On Wednesday I also helped one mother and her daughter get to the airport as they were finished with their training at the clinic and then two hours later had to return to meet my sister Christine and my mom at the airport.  Additionally, on this day we started the discharge procedures so as not to incur any further costs at clinic.  This carried through until Friday although normally the discharge process only takes one day when arranged in adavnce.  However, because of the financial surprises thrown our way by the clinic we told them we wanted to leave ASAP and start treatment as out-patients on a flat monthly case management fee of $7,600/month.

Supatra and Jason have been really happy with all the attention they have been getting from their Aunt and Grandmother.  They have gotten lots of presents and new toys and are having some quality play time which me and Punny have not been able to give them of late.  Today (Friday) we took the kids to a big Halloween store to do some Halloween shopping for Supatra.  She has been eagerly anticipating this since we arrived in Houston and first spotted the store from the highway.  Tomorrow we will attempt to go to the Houston Space Center and it will only be our third day since our arrival that we will not need to go to the clinic in the morning.  In fact, having been discharged we will not need to go back at all unless of course there is a medical necessity to do so.  From now on we will be doing everything at home as if we were in the UK and we will be taking her blood work to a local lab for analysis as this costs less then what the Burzynski clinic charges.

This week we also contacted some of our close friends in Cambridge to let them know we will need to start our fundraising campaign in earnest because of the additional costs we have incurred at the clinic.  We continue to get contributions from friends, family member's co-workers, and my co-workers at RAF Molesworth and from Canada.  We appreciate the effort everyone is putting forth on Supatra's behalf.  We are also engaging with a charity in the UK that we may be able to set-up an umbrella organization under in Supatra's name so that we can use their charity number, which will then mean that contributions to this charity will be tax deductible and hopefully attract some larger donors.  The charity (I won't mention them until all agreements are in place) will then put these donations in a separate account for us and then pay all medical and medical related bills directly to the biller.  They are already doing this for the two other couples from the UK who are currently here at the Burzynski clinic getting their children treated as well.  The only problem with this set-up is that they can not reimburse us for money already spent and they will only be able to pay for bills once we have raised money and there are enough funds in this separate account.  However, if it attracts bigger donors then at least we can see some light at the end of the tunnel for future expenses that we will surely incur.  We may also set-up a web site and move the blog there but we are still thinking this through as I know absolutely nothing about setting up websites nor do I necessarily want to increase our burden with the maintenance of said site. 

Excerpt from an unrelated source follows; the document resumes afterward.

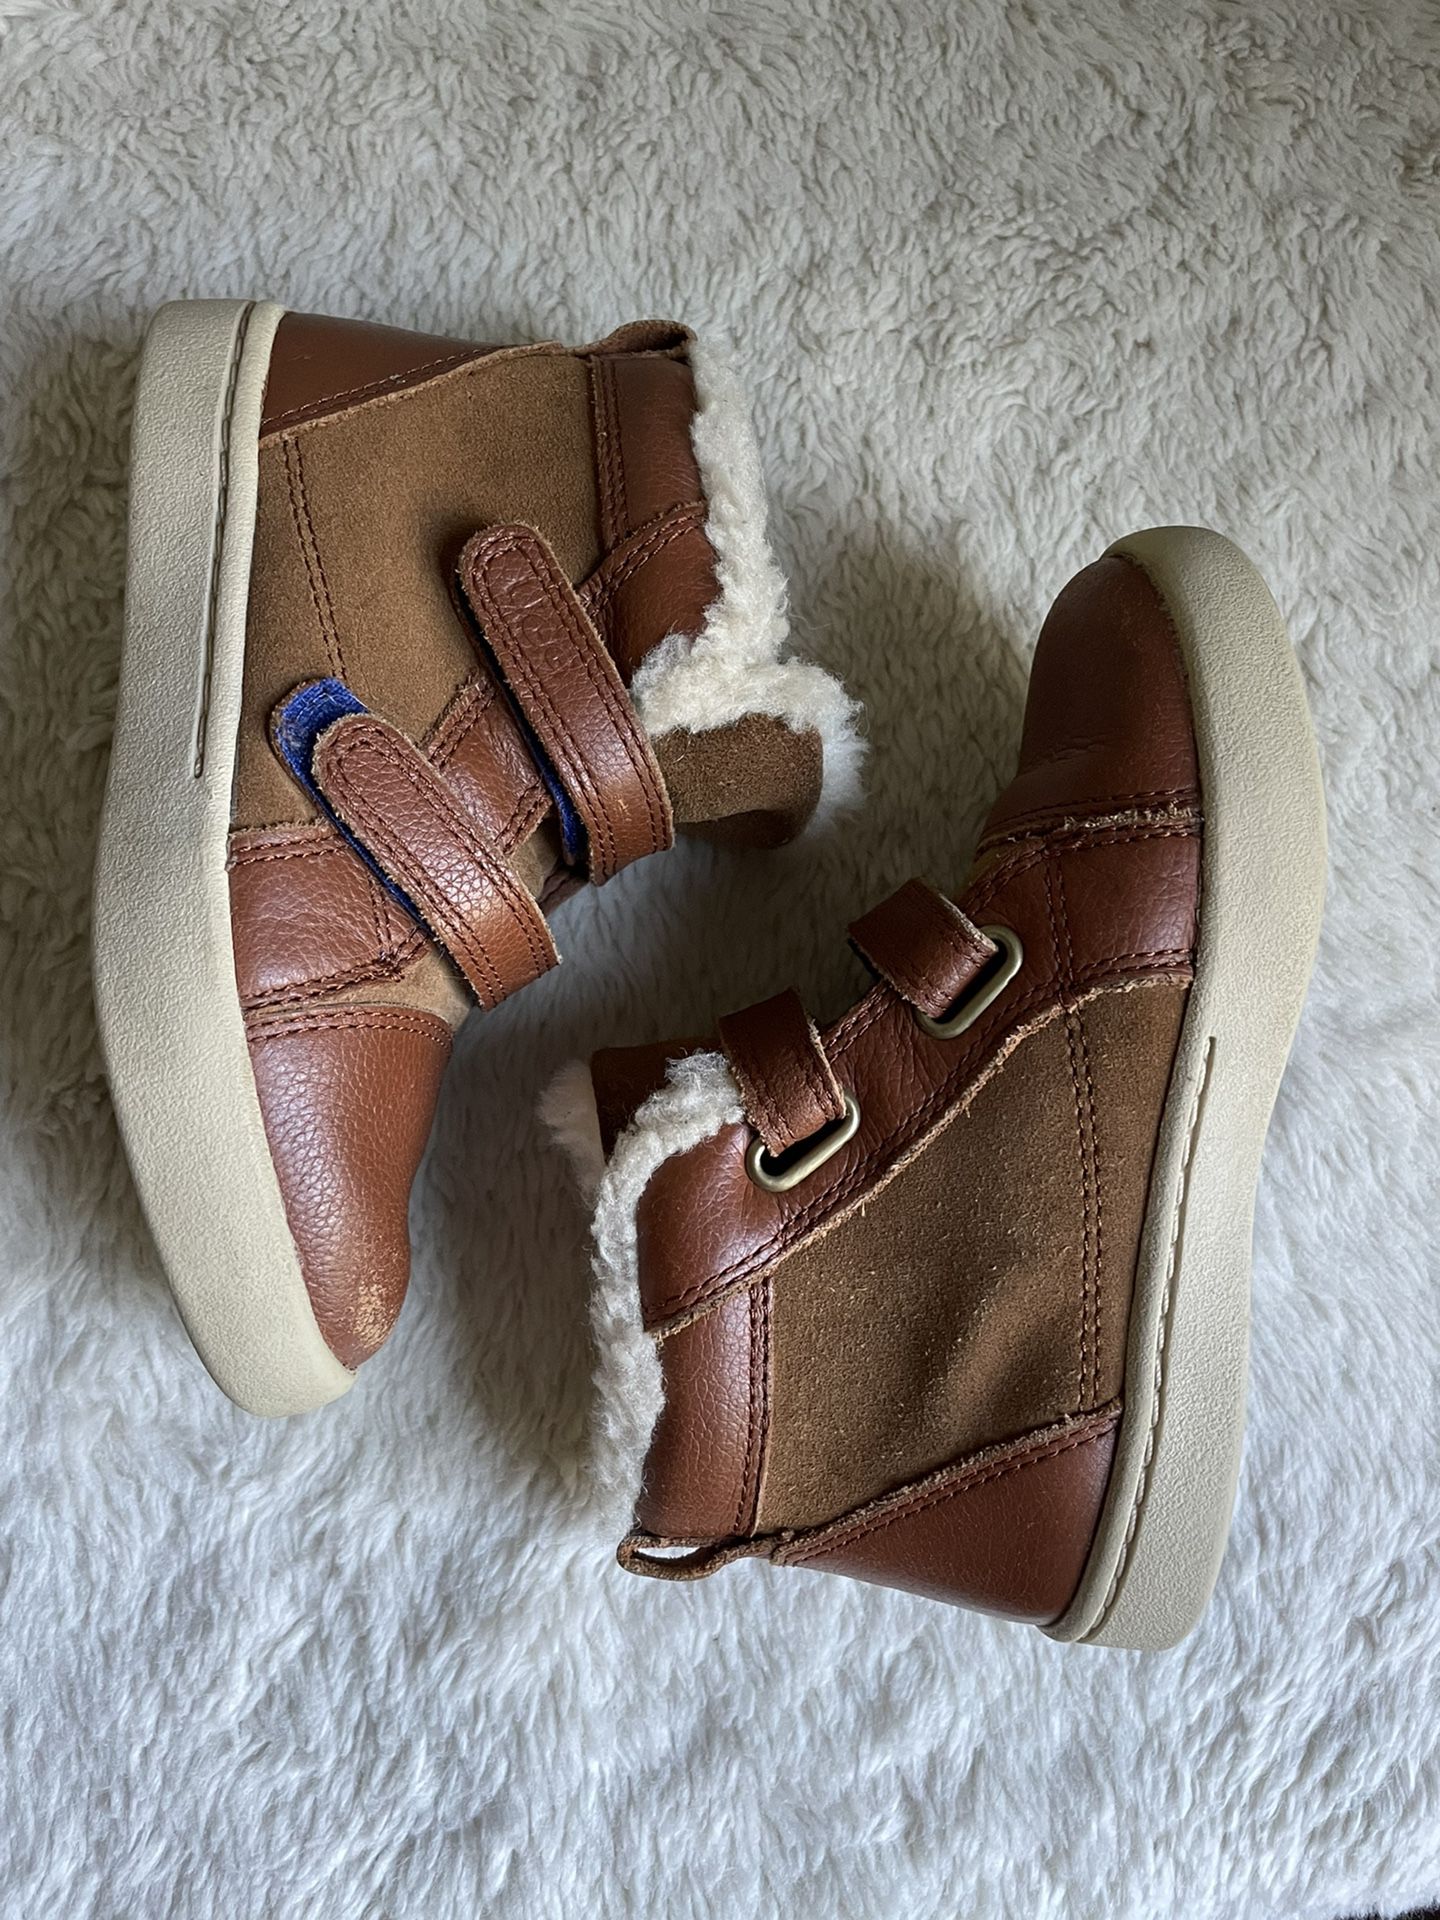 UGG Rennon II Boots Chestnut Boys 10 Toddler Kids Brown Shoes High Tops Boots

We continue to await word from our local doctor to see if she will support us and it has now been two weeks since we sent her all the information.  Last word I got was that she was still reviewing the documents but I am starting to think that the answer will be no.  Earlier this week we started to ask a few others within the medical community to ask around on our behalf and hopefully something will come of it.  We are also asking the other two Uk couples to contact their doctors to see what may be possible with them. I am still hopeful that we can all return by the end of this month as I really do not want to leave Punny and Supatra alone here.  Not only will it be a lot of work for Punny to take care of Supatra on her own but it will also add to our financial burden.

Thanks to all those that have donated money for Supatra's medical treatment.  Unfortunately there are too many this week to mention but rest assured we are very grateful for everything.

Best wishes and have a joyful weekend.

Jorg

1 comment:

  1. Miss you and the munchkins. Love you and will continue to spread the word and do our best.